Your objective: Copy the listing below exactly. Pictures stay out of it.

=== Supplied material ===

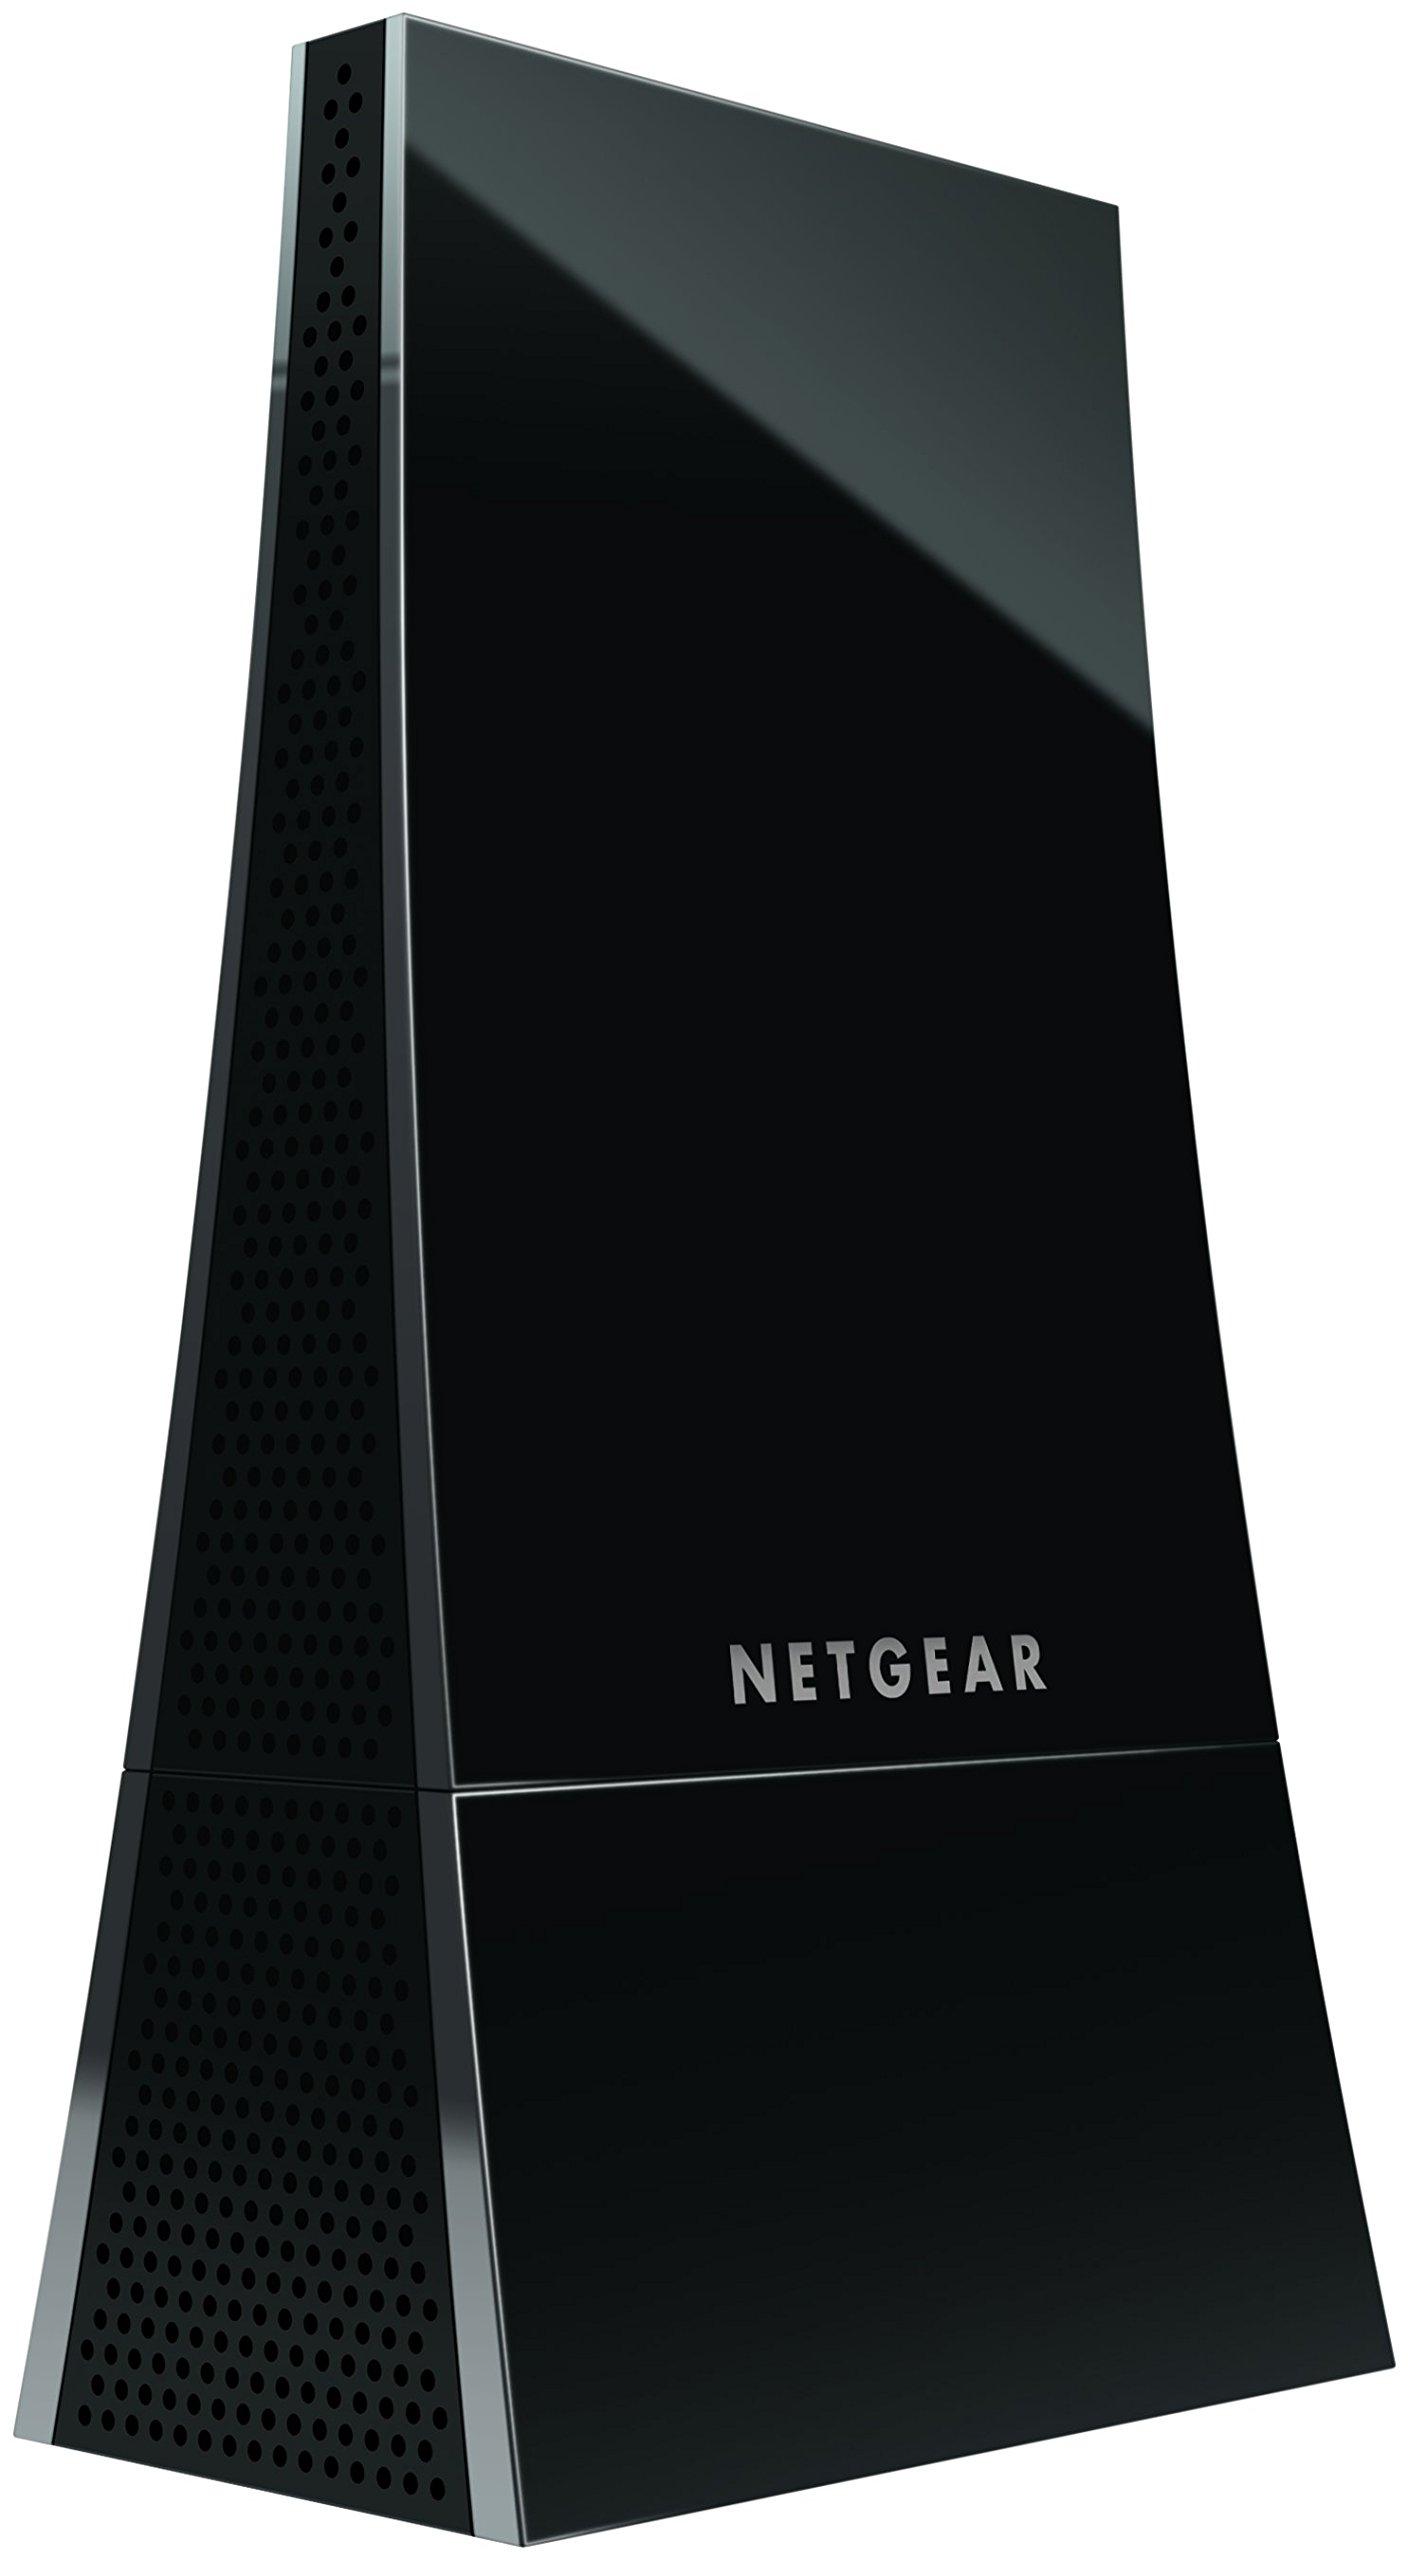 NETGEAR  Universal N600 Dual Band Wi-Fi to Ethernet Adapter (WNCE3001) by NETGEAR
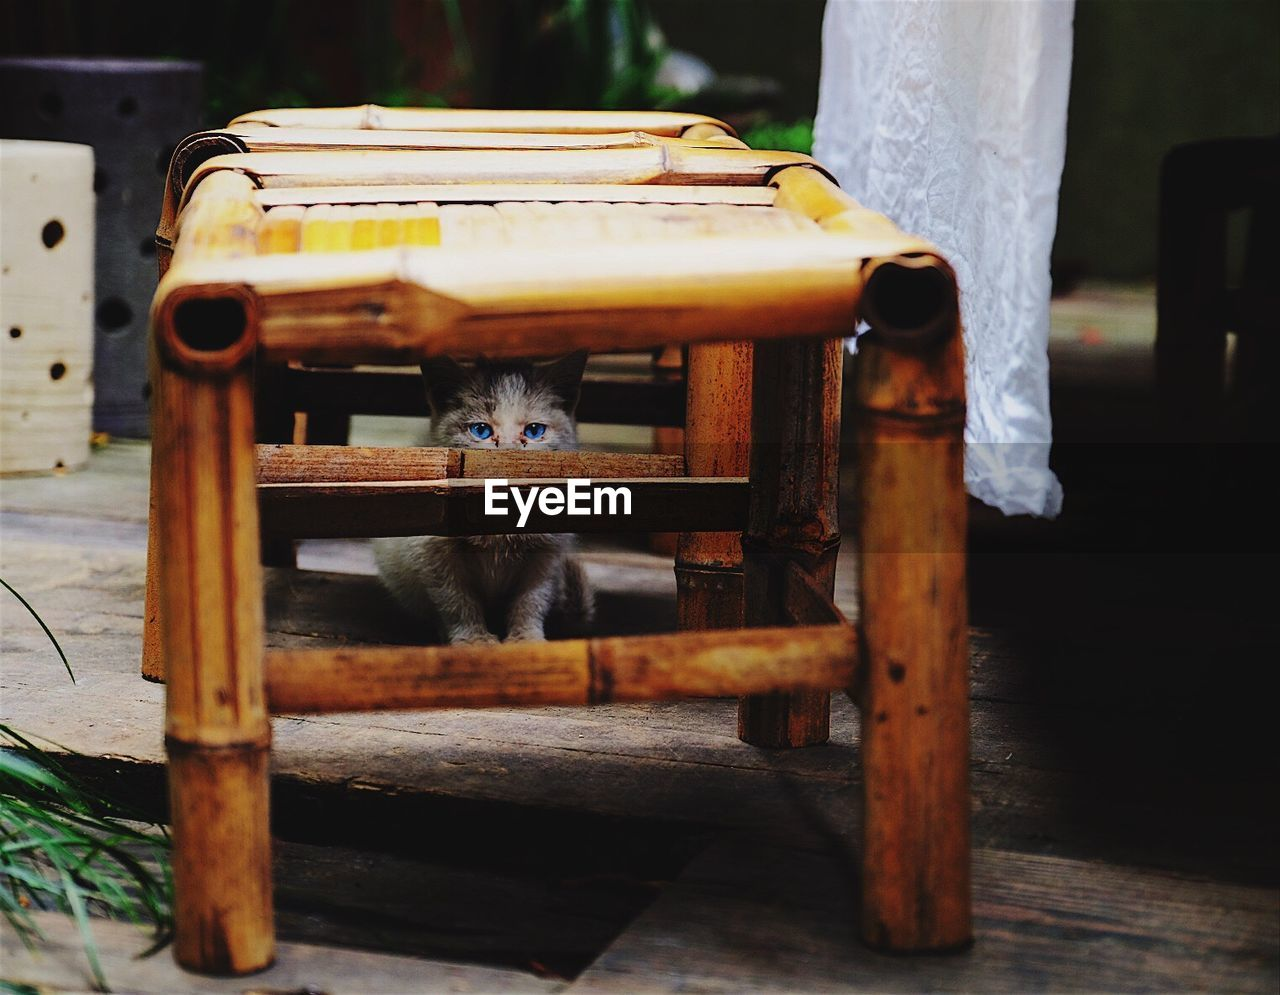 Portrait of cat sitting in stool
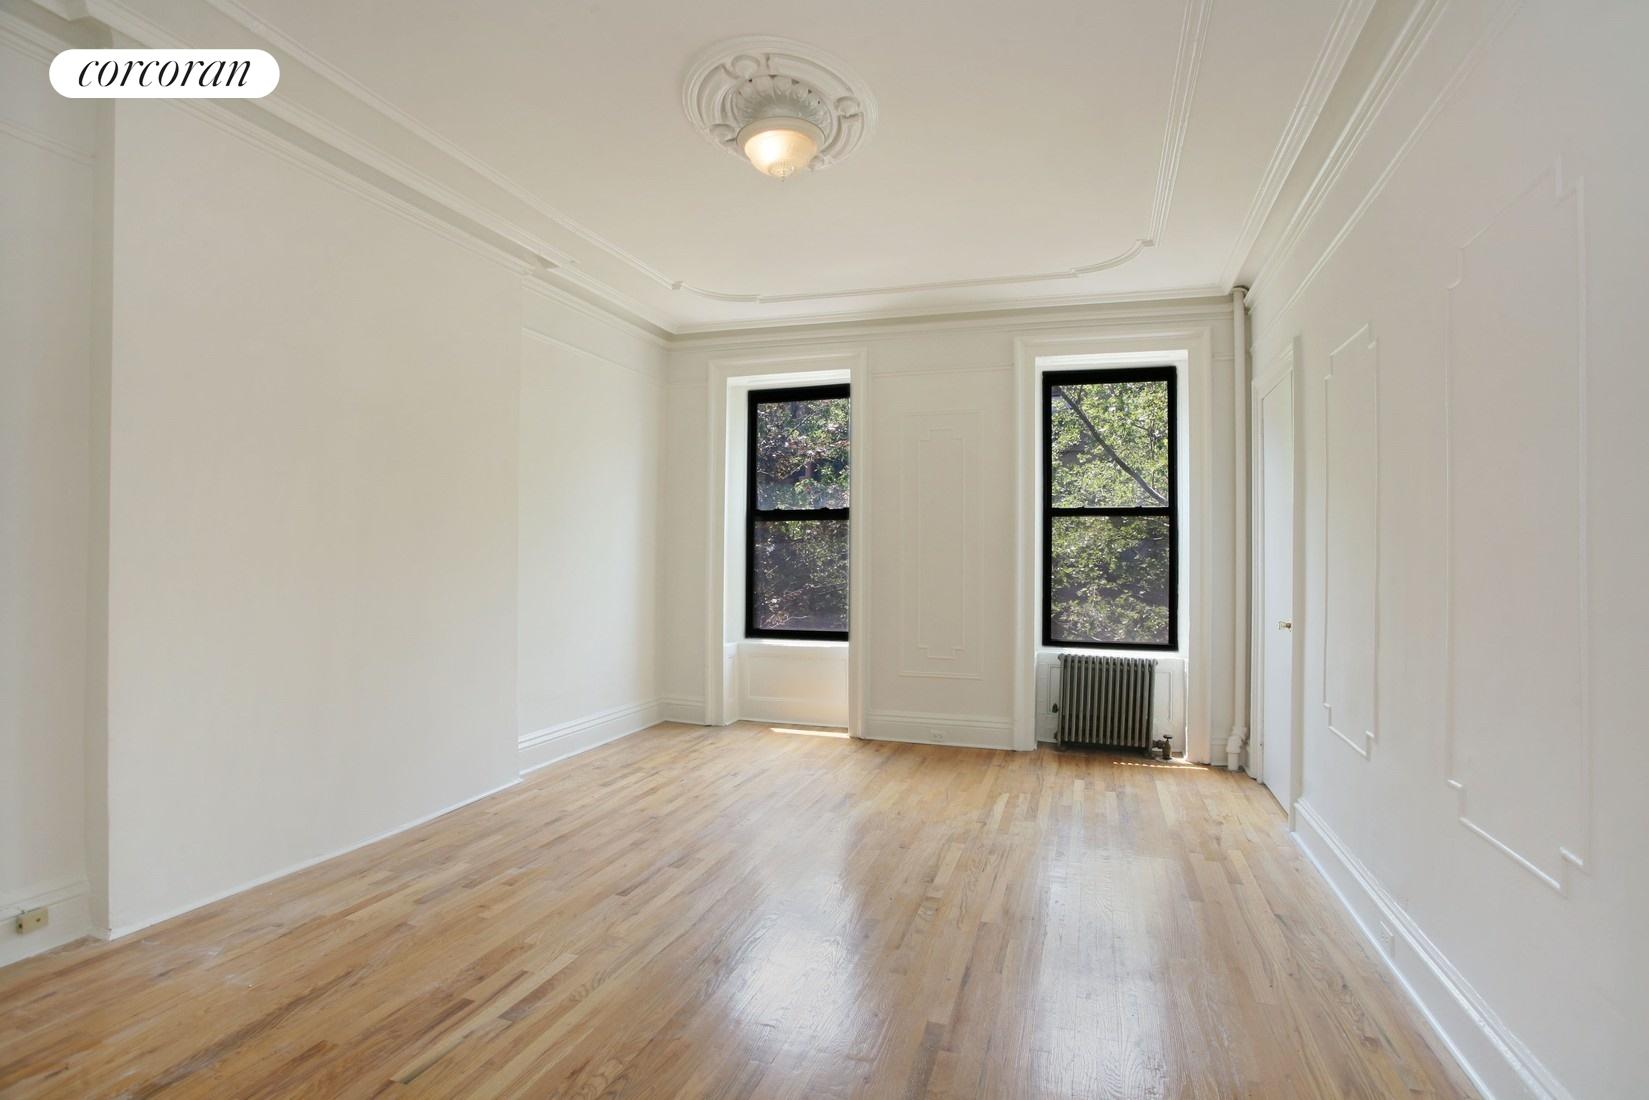 193 President Street, Apt 3, Brooklyn, New York 11231

===

Answer to this exercise:
 NETGEAR  Universal N600 Dual Band Wi-Fi to Ethernet Adapter (WNCE3001) by NETGEAR
 Portrait of cat sitting in stool
 193 President Street, Apt 3, Brooklyn, New York 11231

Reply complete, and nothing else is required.